Data extract:
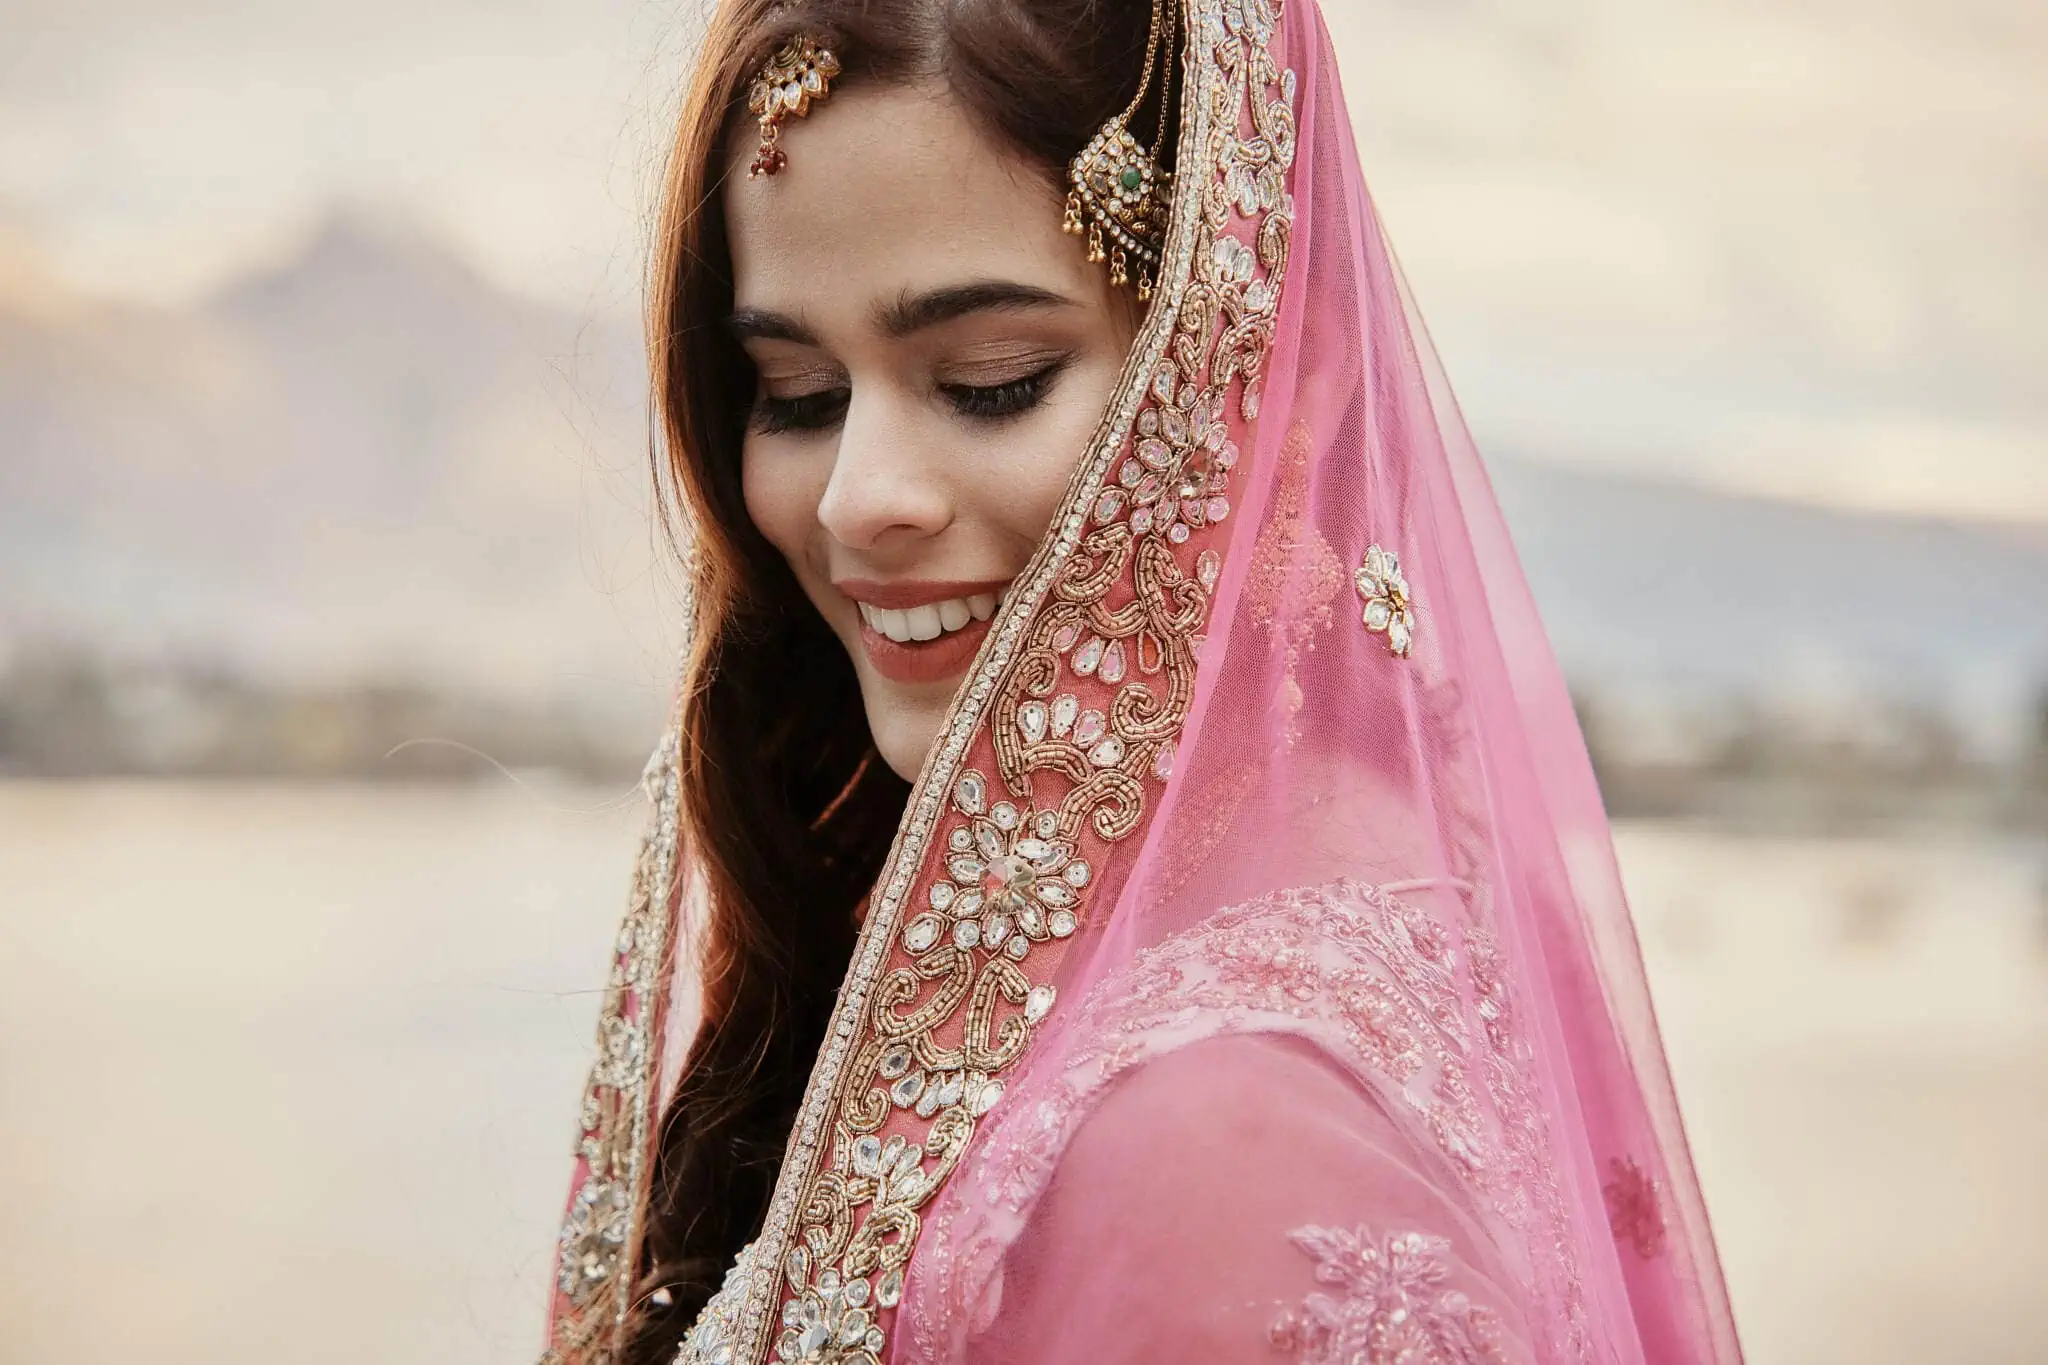 Queenstown New Zealand Elopement Wedding Photographer - Queenstown Islamic Wedding featuring a beautiful Indian bride in a pink sari.
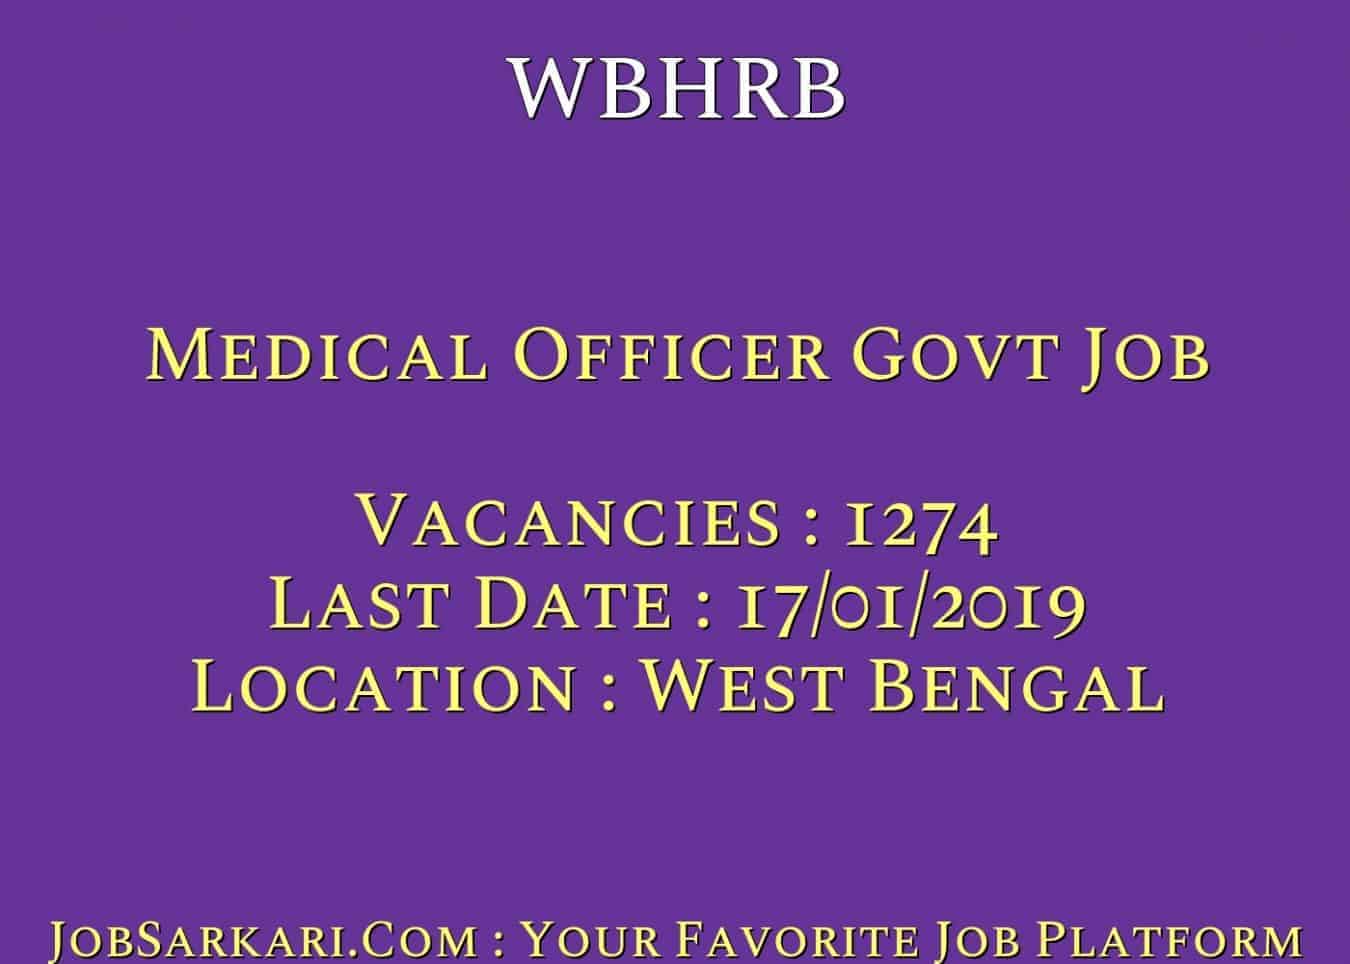 WBHRB Recruitment 2019 For Medical Officer Govt Job
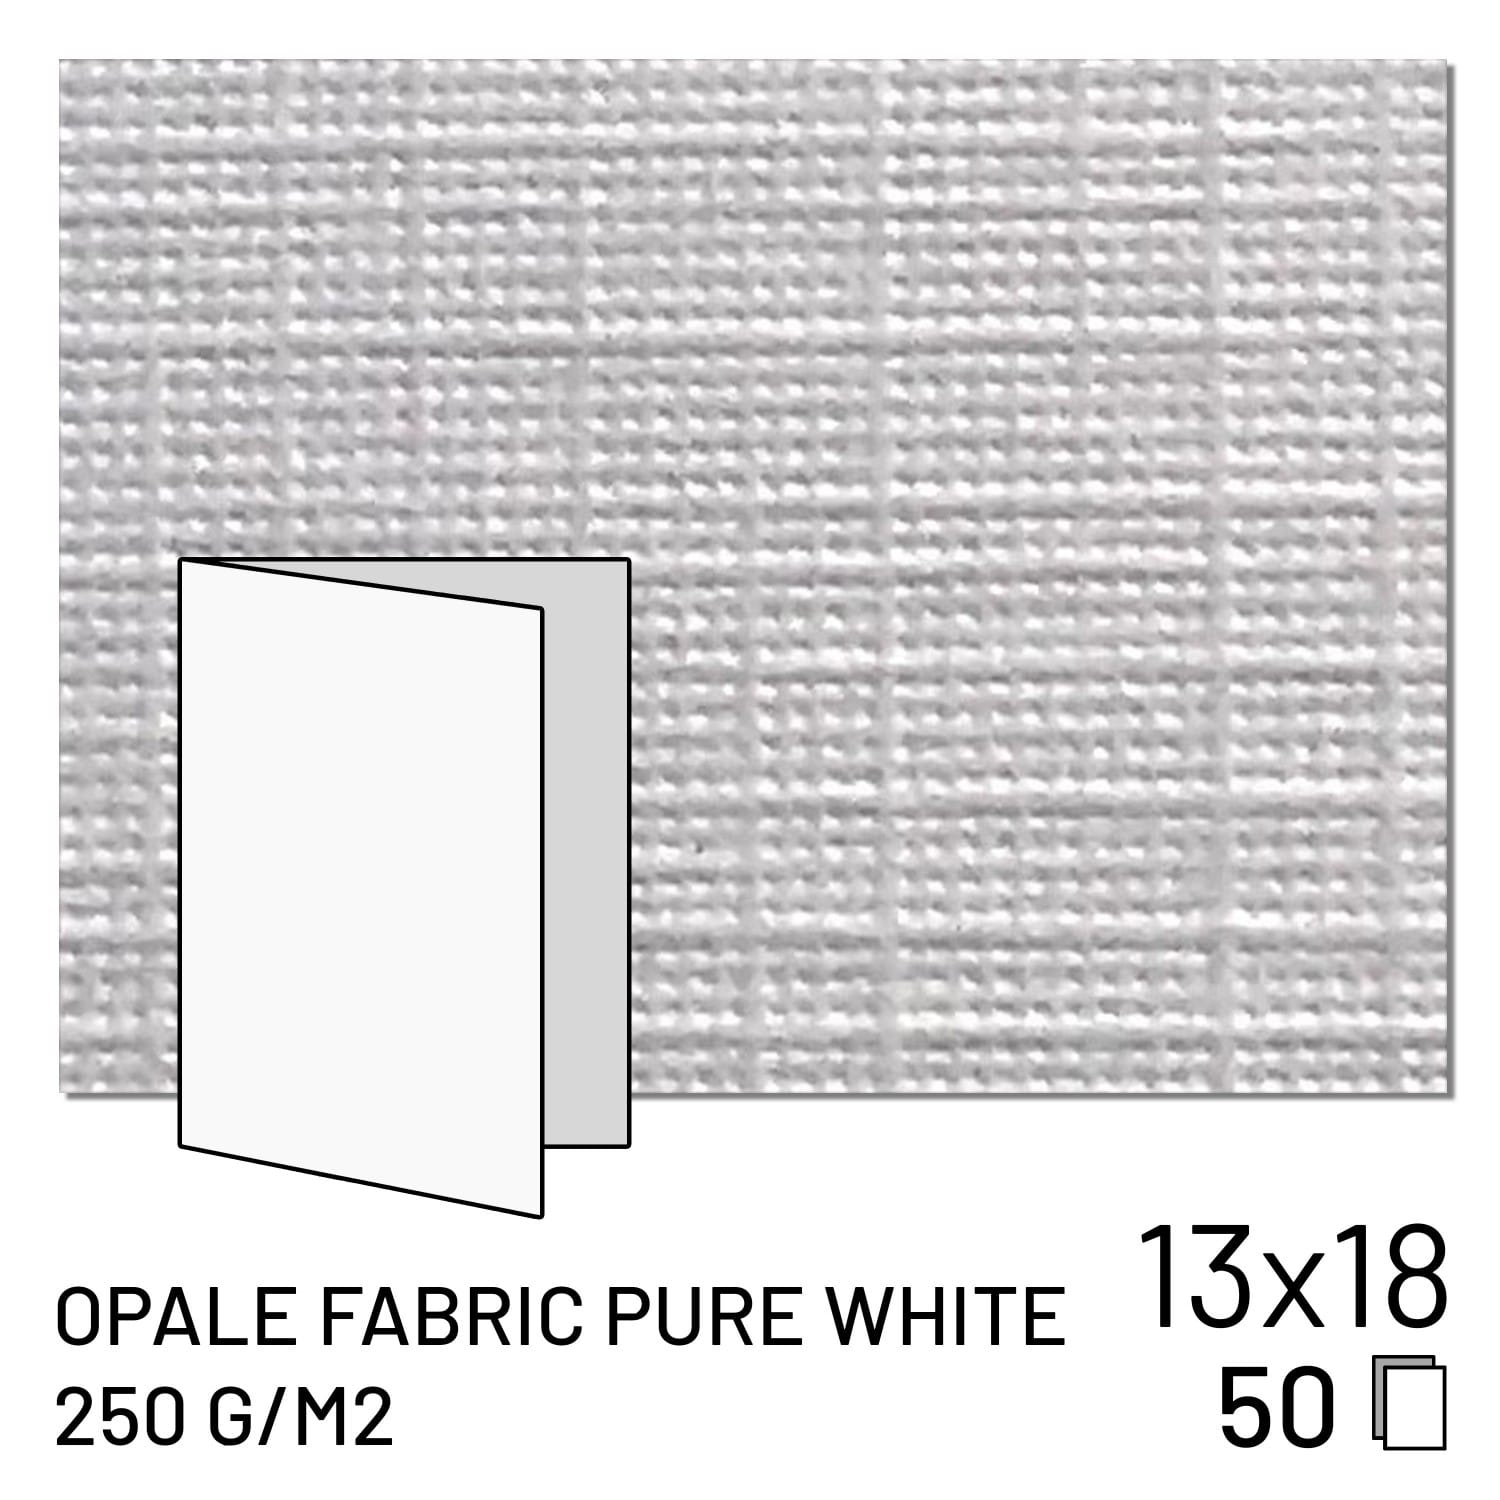 Papier FUJI Opale Fabric Pure White 250g 13x18 / 2 volets (50 feuilles)  (70100148092)

Task description: Word for word, return the material, omitting the pictures.

Result of the exercise:
 Queenstown New Zealand Elopement Wedding Photographer - Queenstown Islamic Wedding featuring a beautiful Indian bride in a pink sari.
 WBHRB Recruitment 2019 For Medical Officer Govt Job
 Papier FUJI Opale Fabric Pure White 250g 13x18 / 2 volets (50 feuilles)  (70100148092)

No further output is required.